Ainda o Entorno …

Tenho tratado da questão do Entorno aqui neste blog por vezes sucessivas. O Correio Braziliense desta semana (ver link) anuncia novas cenas do show de horrores que costuma pautar a vida dos moradores da região. O drama atual é de que os motoristas de ônibus da empresa que serve à população de Águas Lindas (nem águas, nem lindas…) de Goiás, fazem greve por estarem sem receber reajuste salarial há três anos, reclamando, também, das condições de trabalho. Não entrarei no mérito disso, mas é estranho que tal ação não seja respaldada por algum sindicato, conforme a norma histórica da representação do trabalho perante o capital.
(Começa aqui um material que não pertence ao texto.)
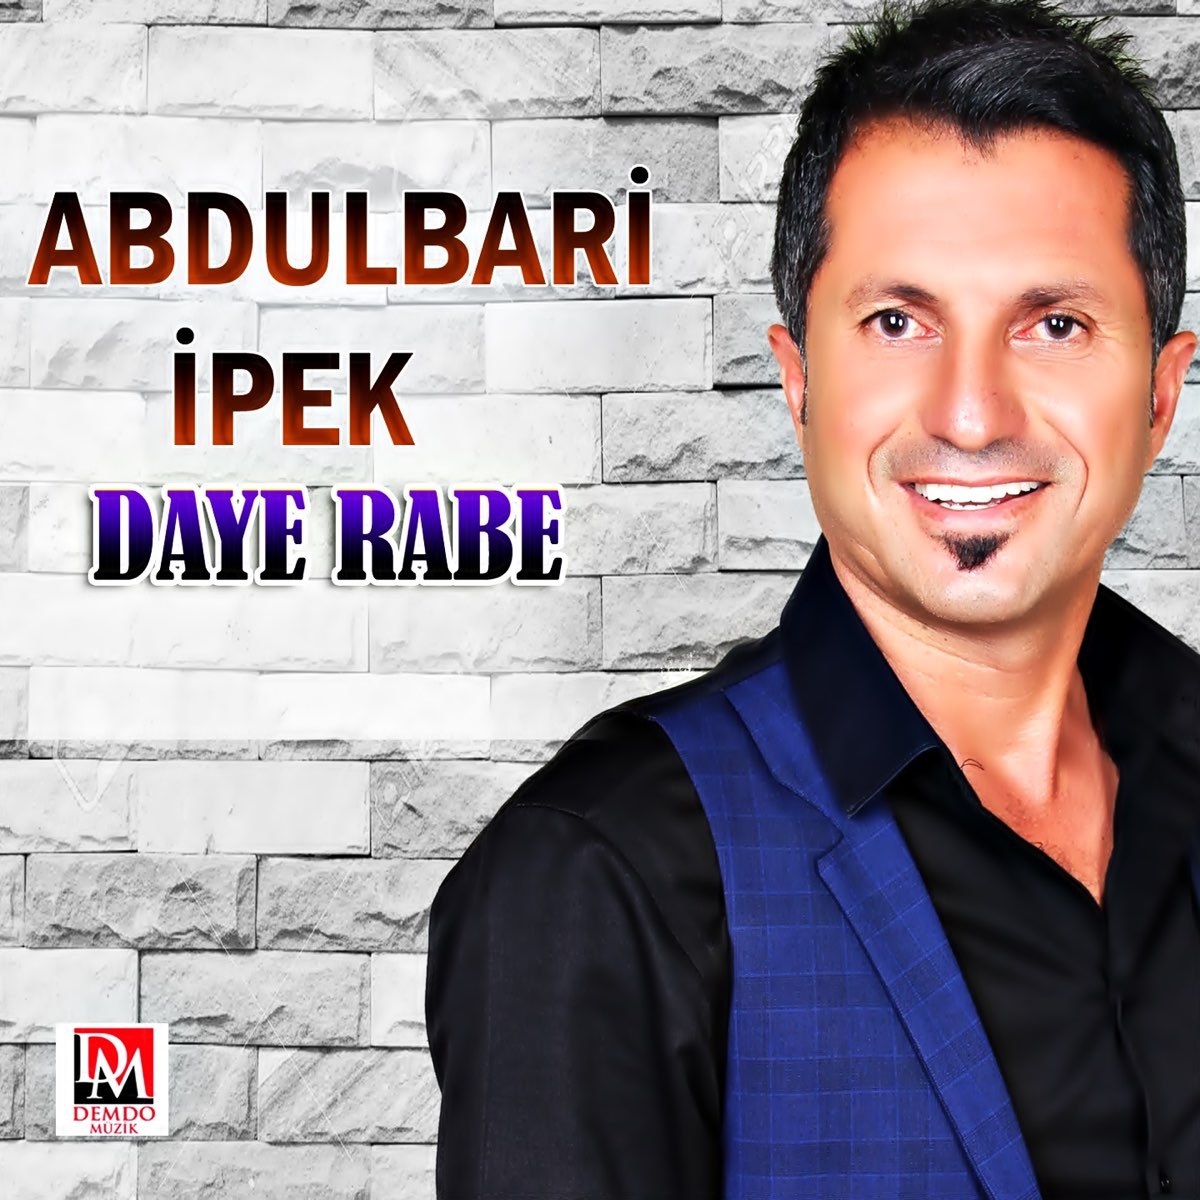 Daye Rabe - Album by Abdulbari İpek - Apple Music

Sobre isso, como dizem os causídicos, me falece competência. Uma coisa é certa: ninguém mora neste lugar e é obrigado a vir diariamente ao DF pelas qualidades de seu clima ou por suas belezas naturais. Assim, já se sabe muito bem quem são os maiores prejudicados. A questão aqui é outra e aproveito a oportunidade para mais uma vez denunciar a maneira superficial, ou até mesmo irresponsável, com que as sucessivas administrações do DF – e outro lado da mesa, de Goiás – vêm tratando as questões do Entorno, seja na saúde, na mobilidade, na gestão urbana, na segurança pública e em outras áreas, fazendo corpo mole e um verdadeiro um jogo de empurra com ações eternamente desencontradas (ou falta delas). Em suma, não existe decisão política adequada e muito menos mecanismos adequados de gestão pública em tal área, cuja (de)formação deriva nitidamente da criação do DF, há seis décadas.  A solução, enfim, depende de uma governança integrada, o que requer a ampliação do escopo da gestão dos vários participantes da equação assistencial, em termos de meios e de fins. E que se destaque que de fato é grande a responsabilidade do DF em relação a isso, além daquela do correspondente governo goiano. Como resolver isso? Seguem alguns princípios que deveriam orientar as ações de governo relativas a tal área.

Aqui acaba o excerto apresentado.